Господи, почему же все это так поздно в голову пришло? Почему не в те минуты, когда он был практически на набережной? Волга – она совсем рядом была, под откосом. Скатиться с обрыва, еще перемахнуть полоску асфальта – и сигануть с гранитного парапета ласточкой… улететь навсегда.
Просто. Быстро. И все бы уже было позади.
А сейчас надо что-то придумывать, веревку искать, что ли… Это все она напророчила, ведьма-попутчица. Она! Зачем она только посмотрела на Сергея своим странным, напряженным взглядом, зачем обратила на него внимание? Ну ехала бы своей дорогой, шла бы своим путем, так нет же! Наверное, она на него глаз положила, как все остальные женщины. И вот… Он всегда считал свою красоту и общую любовь даром бога, а теперь вдруг понял смысл слов, которые раньше всегда были только словами: «Горе тебе, если все говорят тебе только приятное!»
Вскочил, кинулся из комнаты. Гаврюша залаял, бросился следом, словно пытался удержать. Не удержишь, лучше не путайся под ногами, от твоей шерстяной, кудлатой любви еще тяжелее.

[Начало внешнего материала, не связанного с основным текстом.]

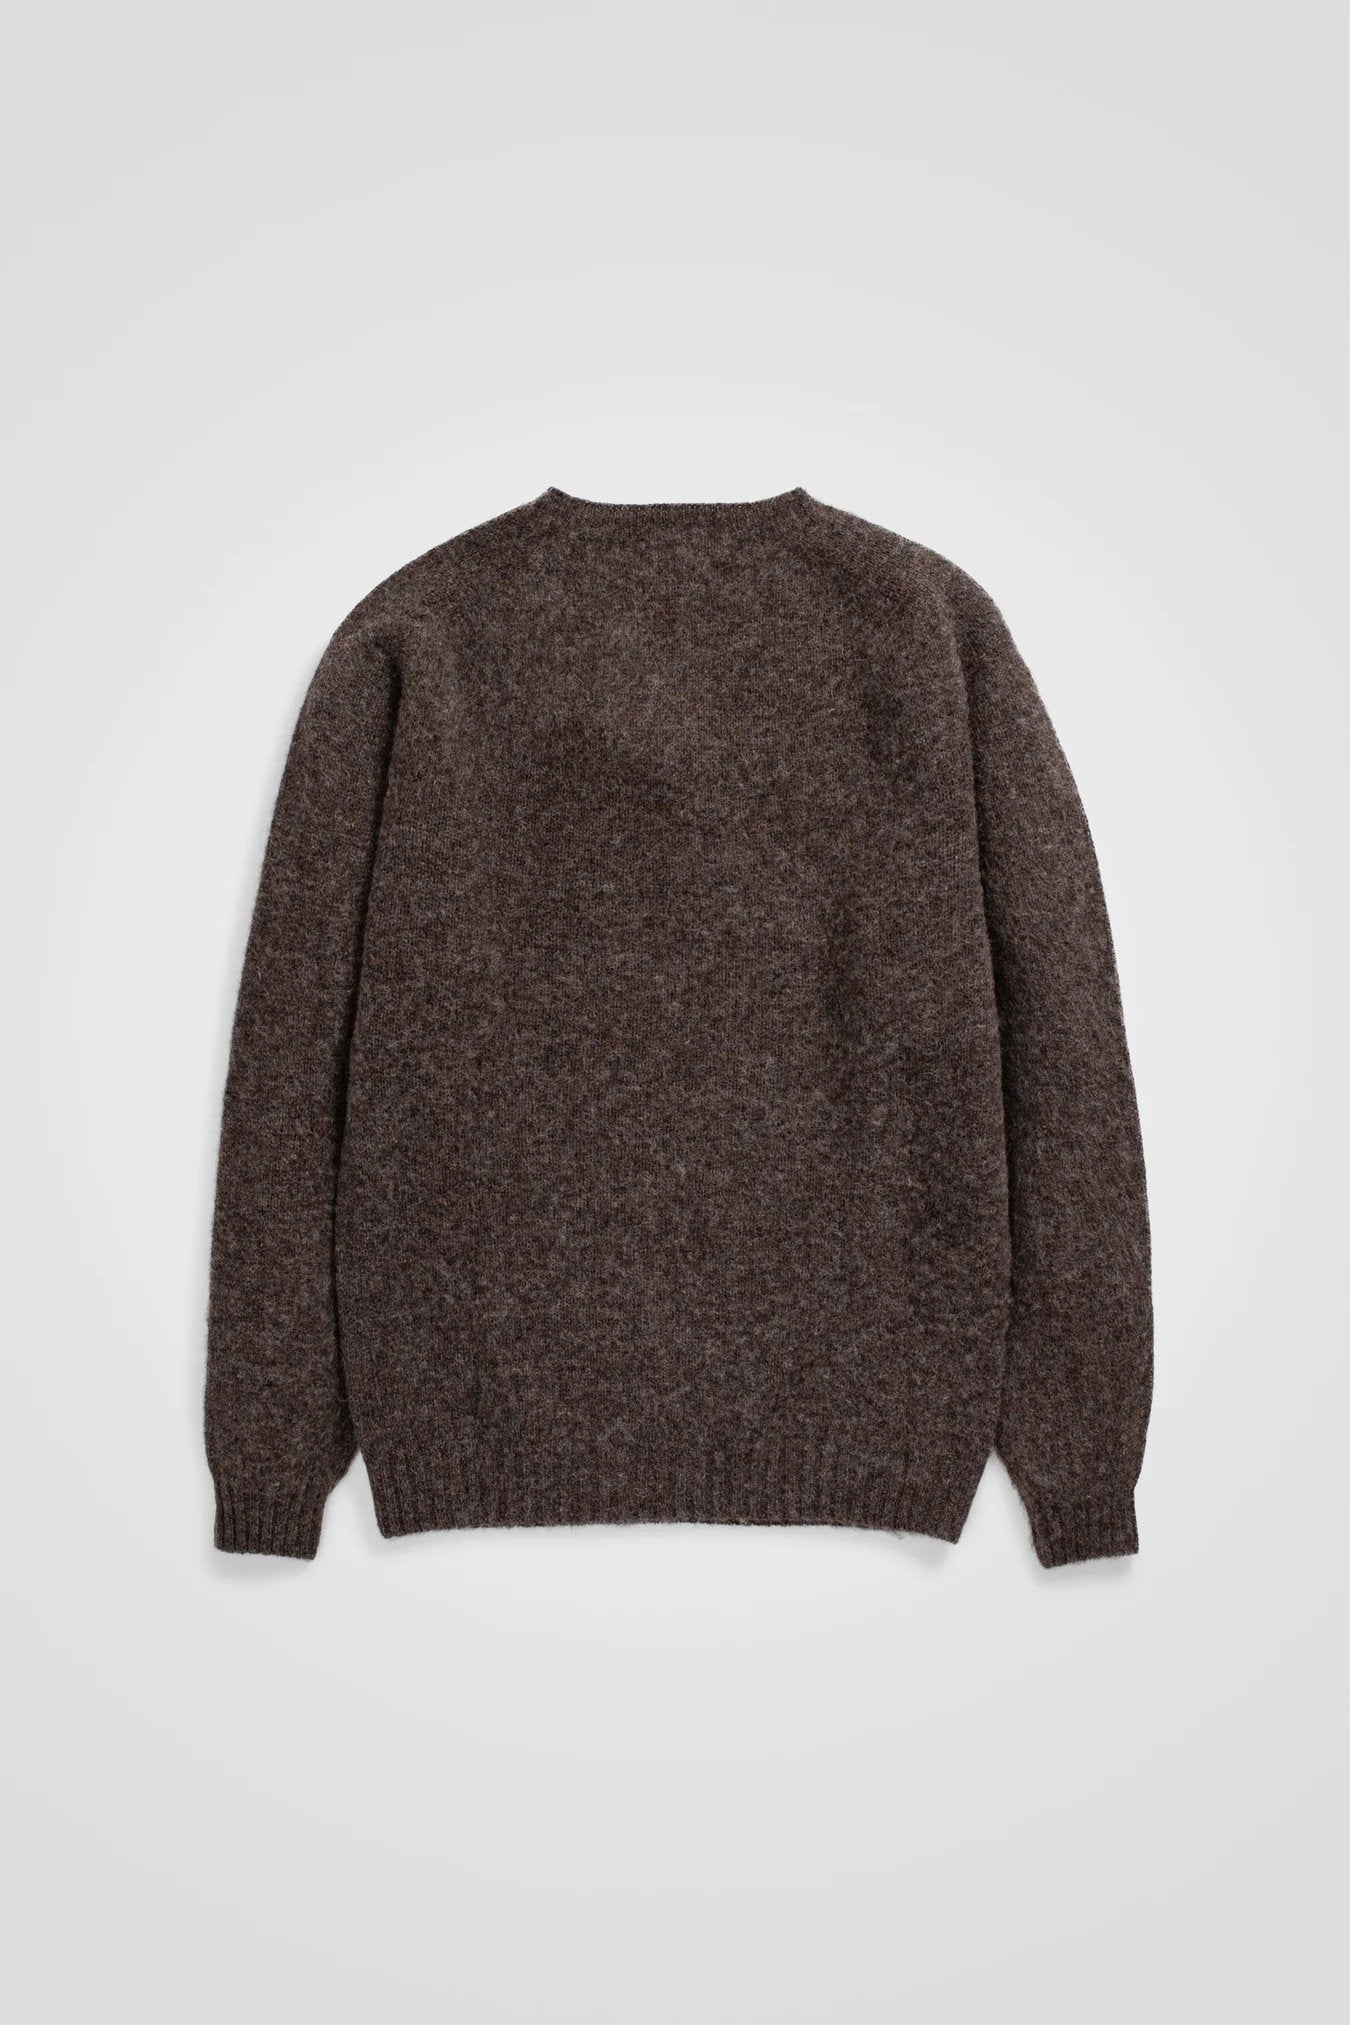 Birnir Brushed Lambswool Sweater - Norse Projects - Danali - N45-0520-WarmGrey-M

Нет, веревка – это ужасно, болтаться под потолком с вытаращенными глазами… «Я спросил электрика Петрова, почему у вас на шее провод, ничего Петров не отвечает, он висит и ботами качает…» Газ открыть, голову в духовку? А если дом рванет потом? Мало того, что его хоронить, да еще и все пропадет у родителей, квартира, вещи, деньги в тайничке, да и у скольких людей добро пропадет!..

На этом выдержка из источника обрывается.